Shareholders of Gain Capital Holdings Inc (NYSE:GCAP) have backed the proposed acquisition of the online trading major by INTL FCStone Inc. At a special meeting of stockholders held on June 5, 2020, holders of approximately 71.2% of GAIN’s shares issued and outstanding as of the close of business on the record date voted in favor of the proposal to adopt the merger agreement, representing approximately 85.7% of votes cast (excluding abstentions).

Also at the special meeting, GAIN’s stockholders approved, by a non-binding, advisory basis, certain compensation that will or may be paid by GAIN to its named executive officers that is based on or otherwise relates to the merger.

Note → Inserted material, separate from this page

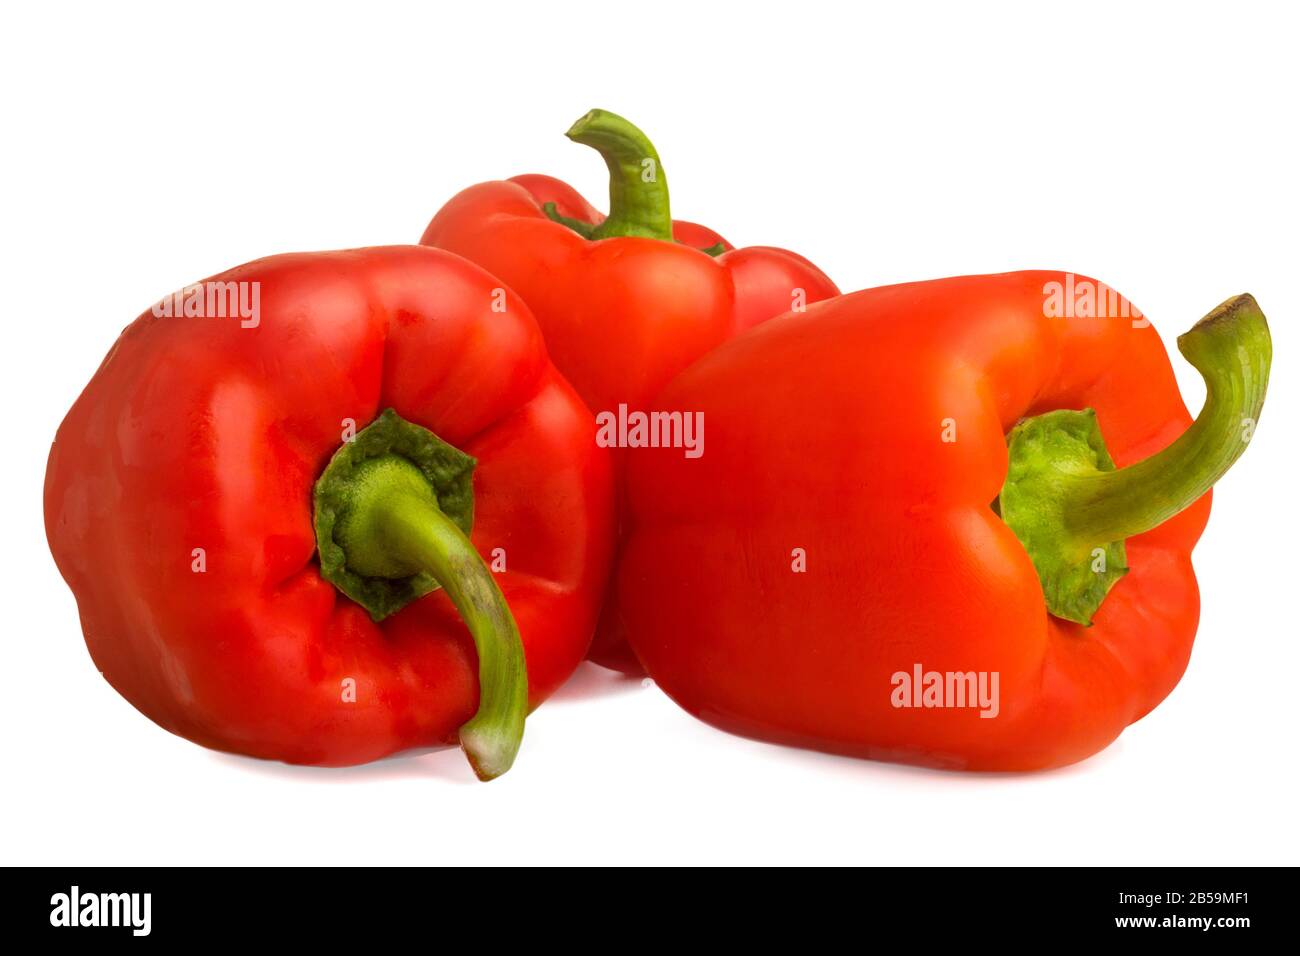 image of three red bell peppers on a white background Stock Photo

GAIN anticipates that the merger will be completed during the third quarter of 2020, subject to the satisfaction or waiver of the remaining customary conditions to closing, including among other things, receipt of other required regulatory approvals.

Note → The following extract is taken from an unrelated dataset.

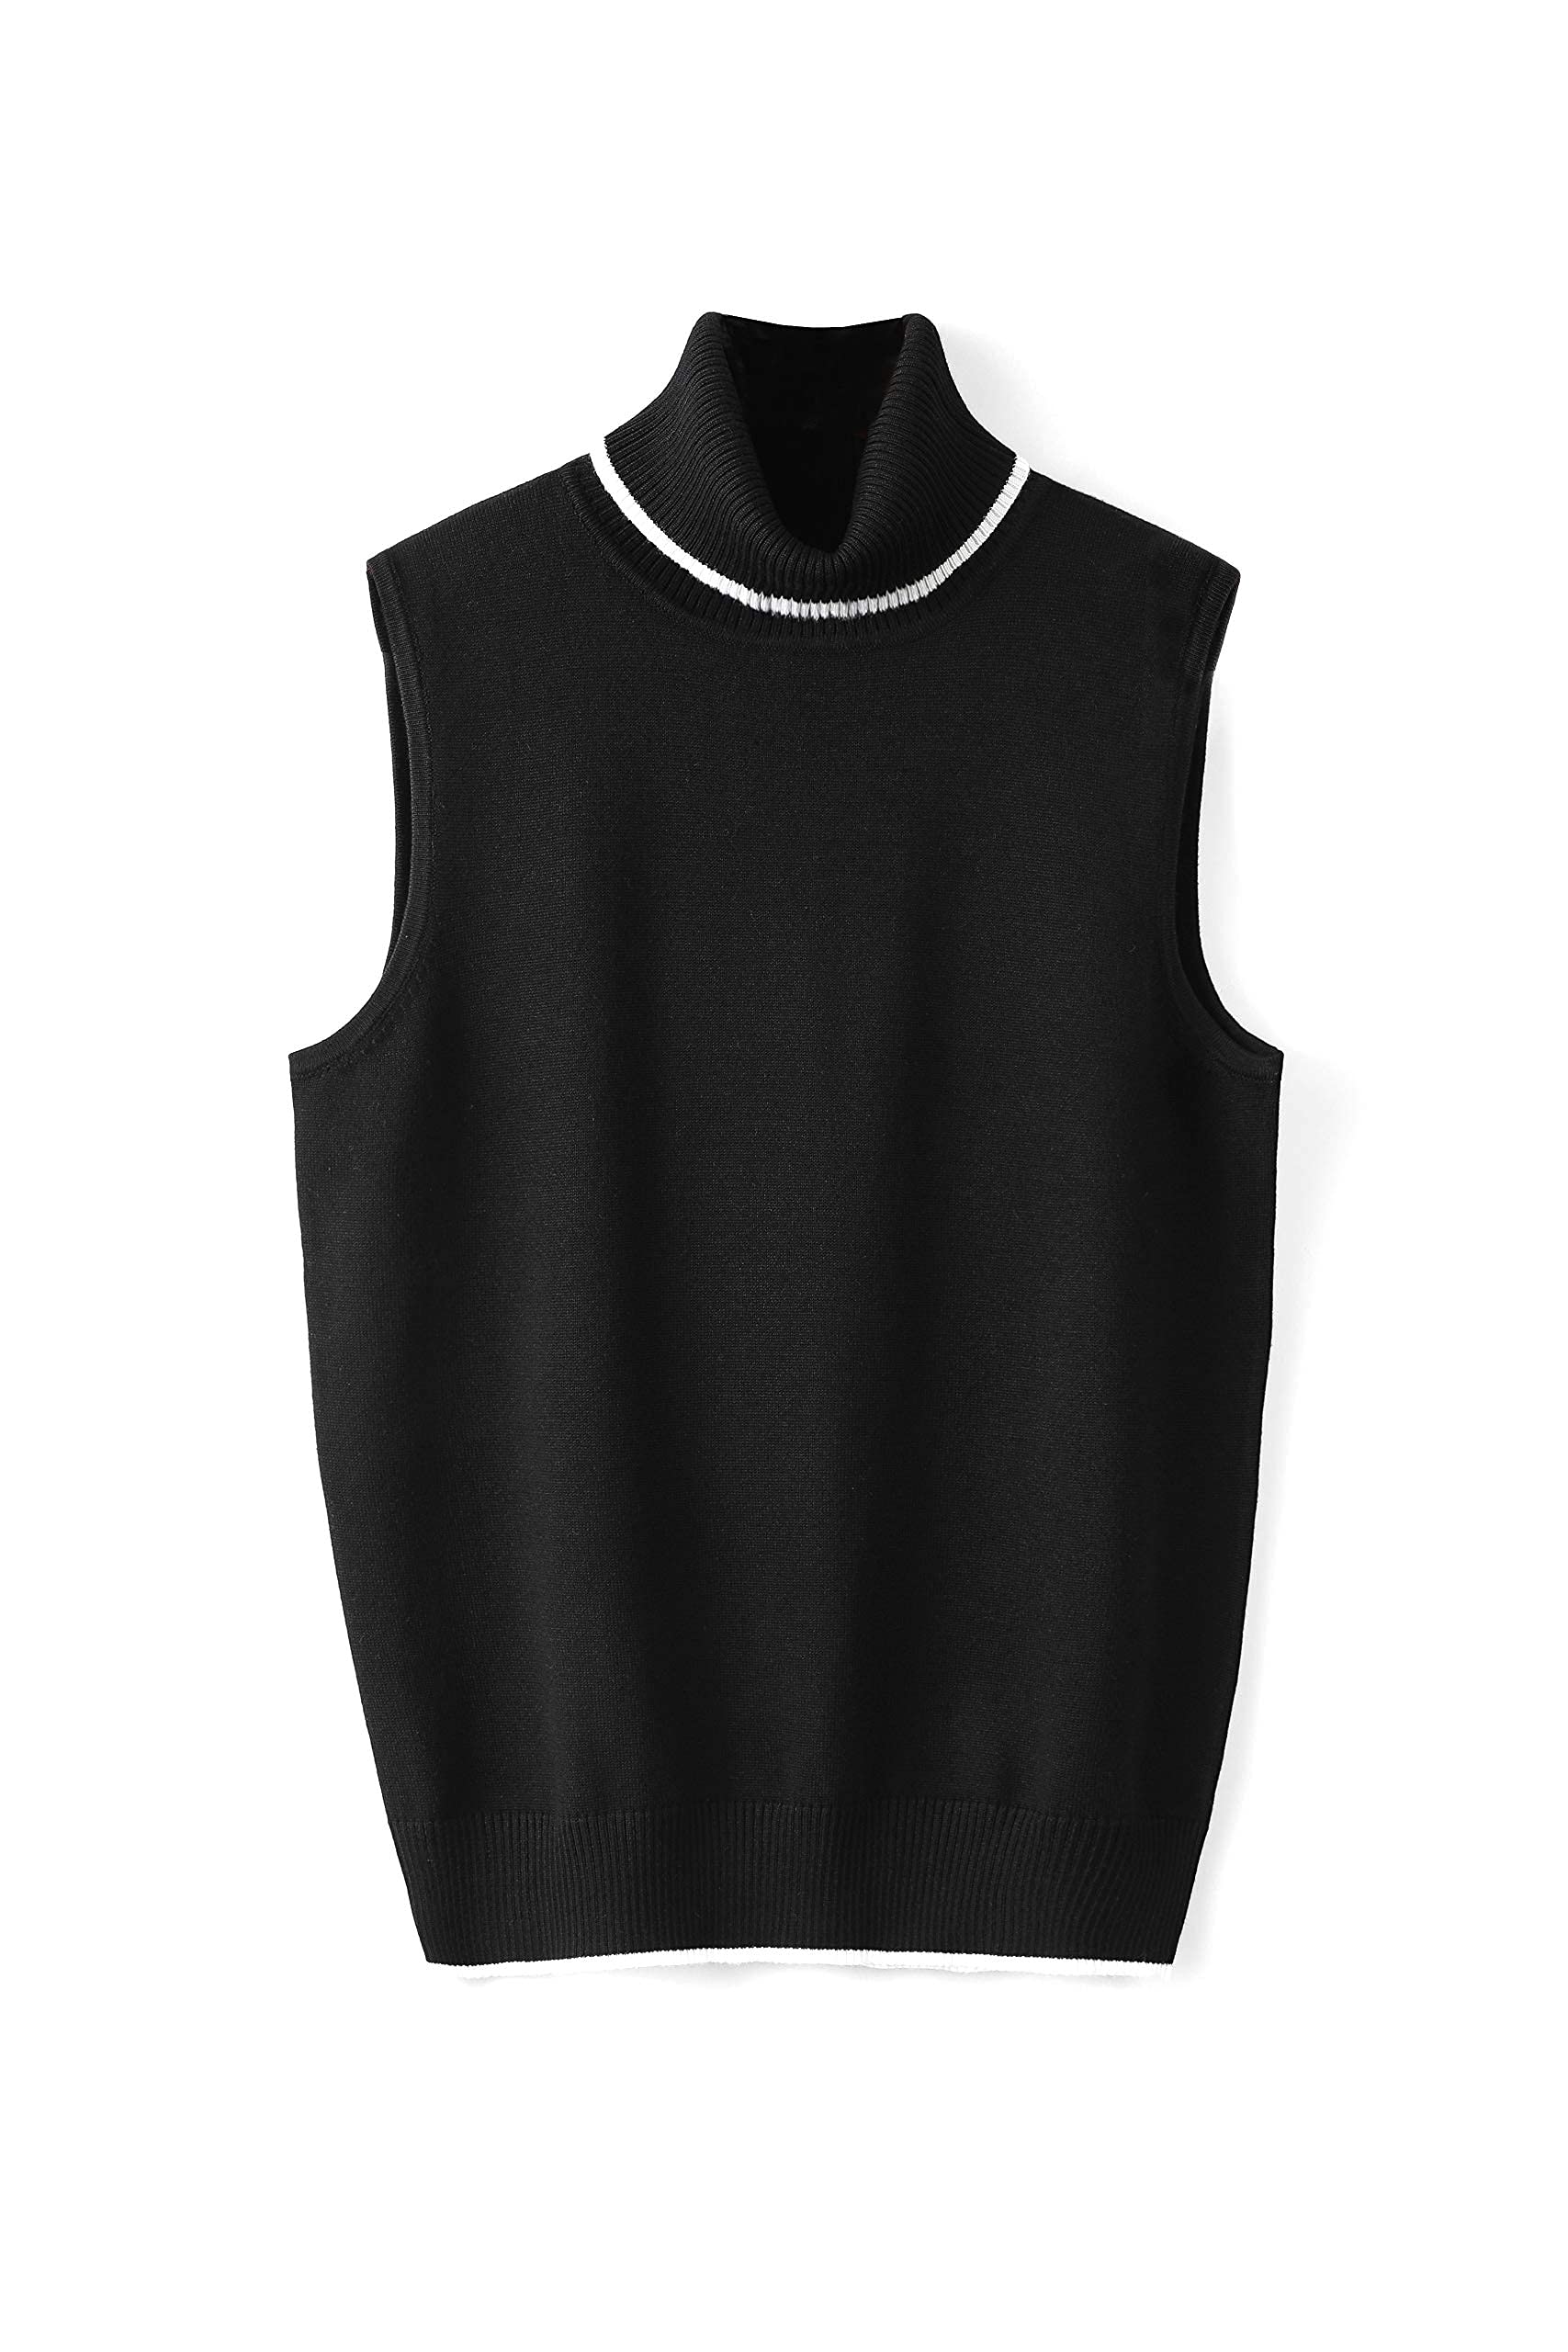 Women Sweater Pullover Stretchable Turtleneck Knit Sleeveless Slim Fit Tank Top

On February 26, 2020, GAIN entered into a definitive merger agreement with INTL FCStone and its wholly owned subsidiary, Golf Merger Sub I Inc.. Pursuant to the terms of the merger agreement, Merger Suv will be merged with and into GAIN, with GAIN surviving the merger as a wholly owned subsidiary of INTL FCStone.

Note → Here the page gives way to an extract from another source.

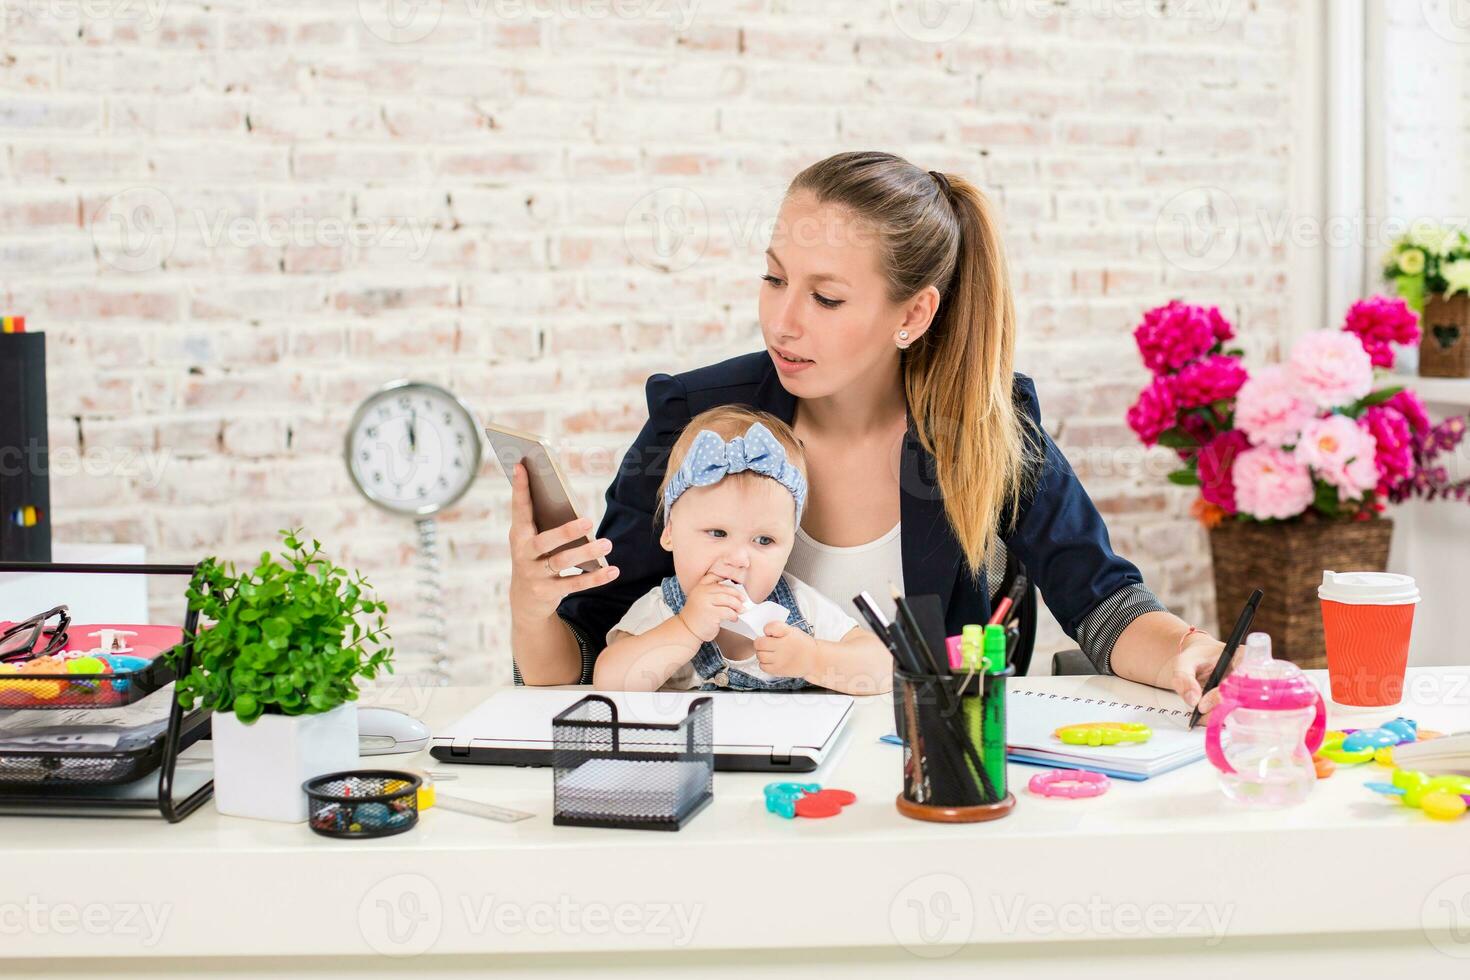 Family Business - telecommute Businesswoman and mother with kid is making a phone call photo

If the merger is completed, GAIN stockholders will have the right to receive $6.00 in cash, without interest and less any applicable withholding taxes, for each share of common stock, par value $0.00001 per share, of GAIN that they own immediately prior to the effective time of the merger unless they have properly demanded appraisal rights for such shares in accordance with Delaware law.

The purchase price represents a premium of approximately 70% over GAIN’s closing share price on February 26, 2020, the last trading day prior to the announcement that GAIN had entered into the merger agreement and a premium of approximately 60% to GAIN’s 30-trading-day volume-weighted average stock price on the same date.